ПЕРВАЯ РЕАКЦИЯ НА ТРЕТЬЮ ИНФИРМАЦИЮ
«Национальная гвардия Сен-Кантена требовала двух учеников Политехнической школы для своего командования. В результате она направила делегацию к Лафайету и одновременно передала ему сообщение о том, что будет легко захватить полк, расквартированный в Фере». Лафайет посылает к нему двух учеников из школы и отправляет их в муниципальную комиссию. Они приходят в сопровождении месье Одилона Барро. Месье Моген в одиночестве прогуливался по залу. Узнав об «объекте» их визита, он взял перо и начал писать прокламацию, адресованную полку «Фер». Но господин Одилон Барро прервал своего коллегу такими словами: Пусть они сами этим займутся; они разбираются в этом лучше нас! Господин Моген передал перо одному из двух молодых людей.

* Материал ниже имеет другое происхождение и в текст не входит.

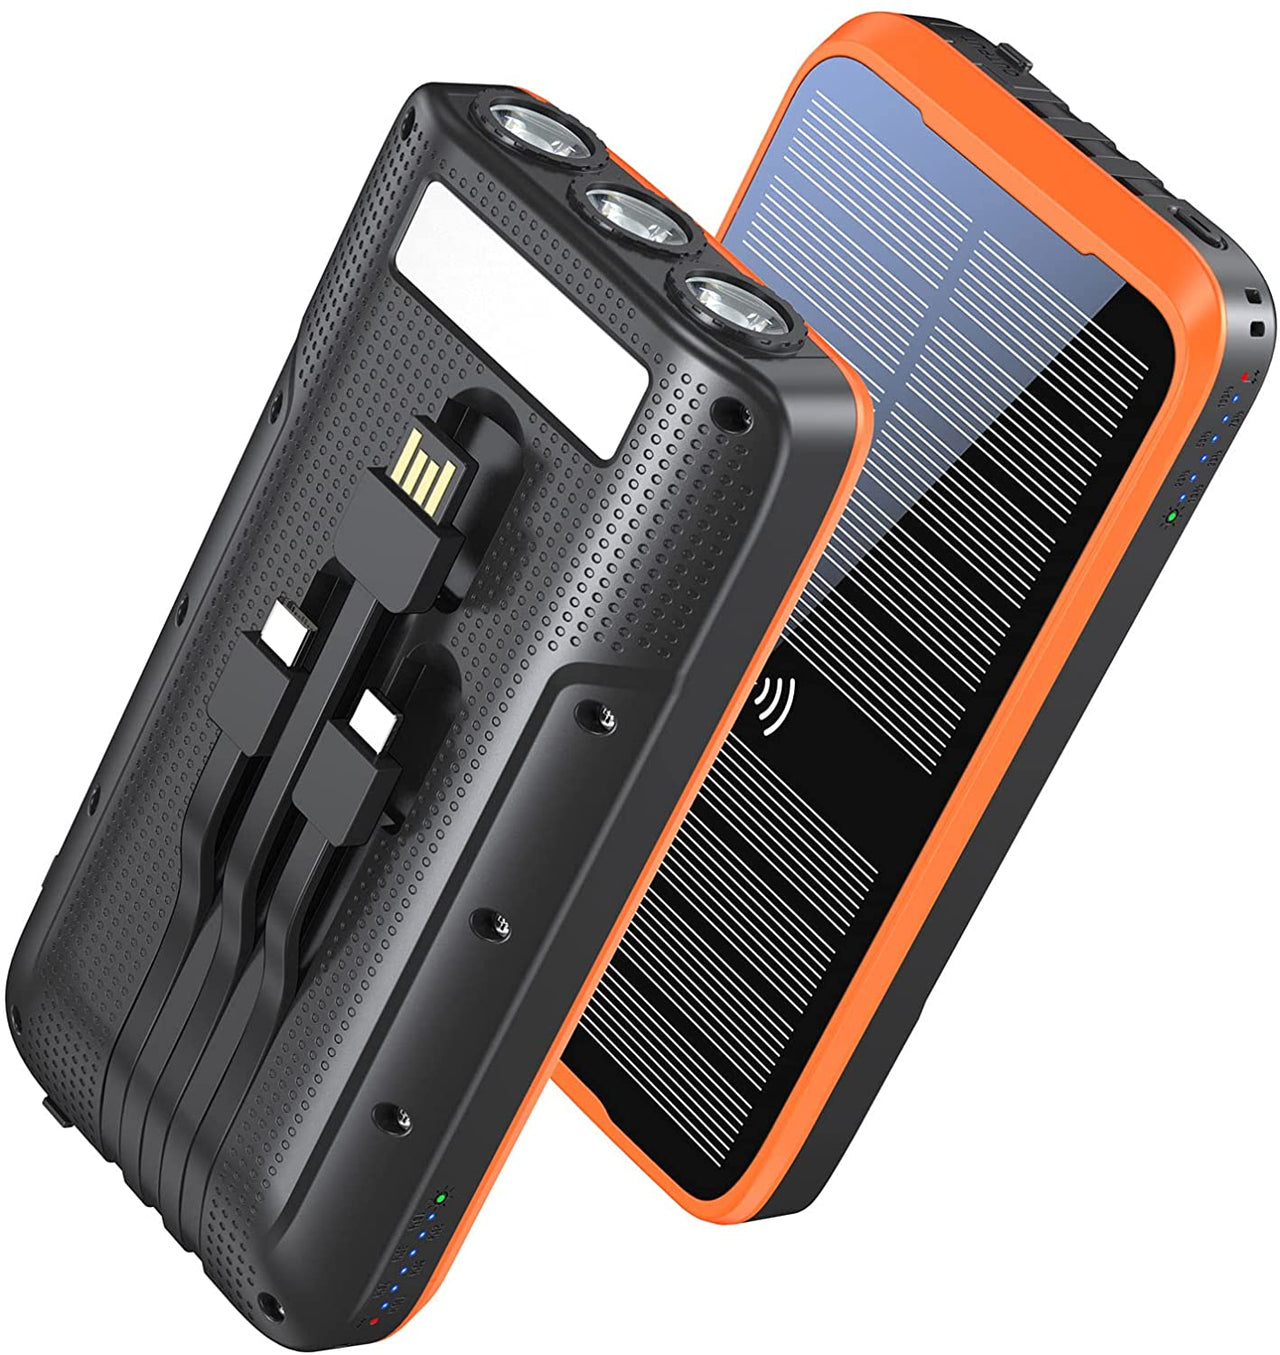 Cargador Solar Portatil Para Celular Bateria Externa 2 Puertos Light Power  Bank

«Прокламация оглашена, генерал Лобау явился: ему дают подписать, он отказывается и уходит. ОН НИЧЕГО НЕ ХОЧЕТ ПОДПИСЫВАТЬ, — говорит тогда господин Моген; как раз в это время он отказывался подписывать приказ об изъятии склада с порохом. — ОН ЧТО, ОТКАЗЫВАЕТСЯ? — ответил один из учеников Политехнической школы; но во время революции нет ничего опаснее людей, которые отступают. ...Я ЕГО РАССТРЕЛЯЮ! — ПОДУМАЙТЕ ОБ ЭТОМ! — живо возразил господин Моэн, РАССТРЕЛЯТЬ ГЕНЕРАЛА ЛОБО! UN MEMBRE DU GOUVERNEMENT PROVISOIRE!—LUI-M;ME, reprit le jeune homme EN CONDUISANT LE D;PUTE ; LA FEN;TRE et en lui montrant une centaine d'hommes qui avaient combattu ; la caserne de Babylone, et JE DIRAIS ; CES BRAVES GENS DE FUSILLER LE BON DIEU, QU'ILS LE FERAIENT!" M. Mauguin se mit ; sourire, et signa la proclamation en silence."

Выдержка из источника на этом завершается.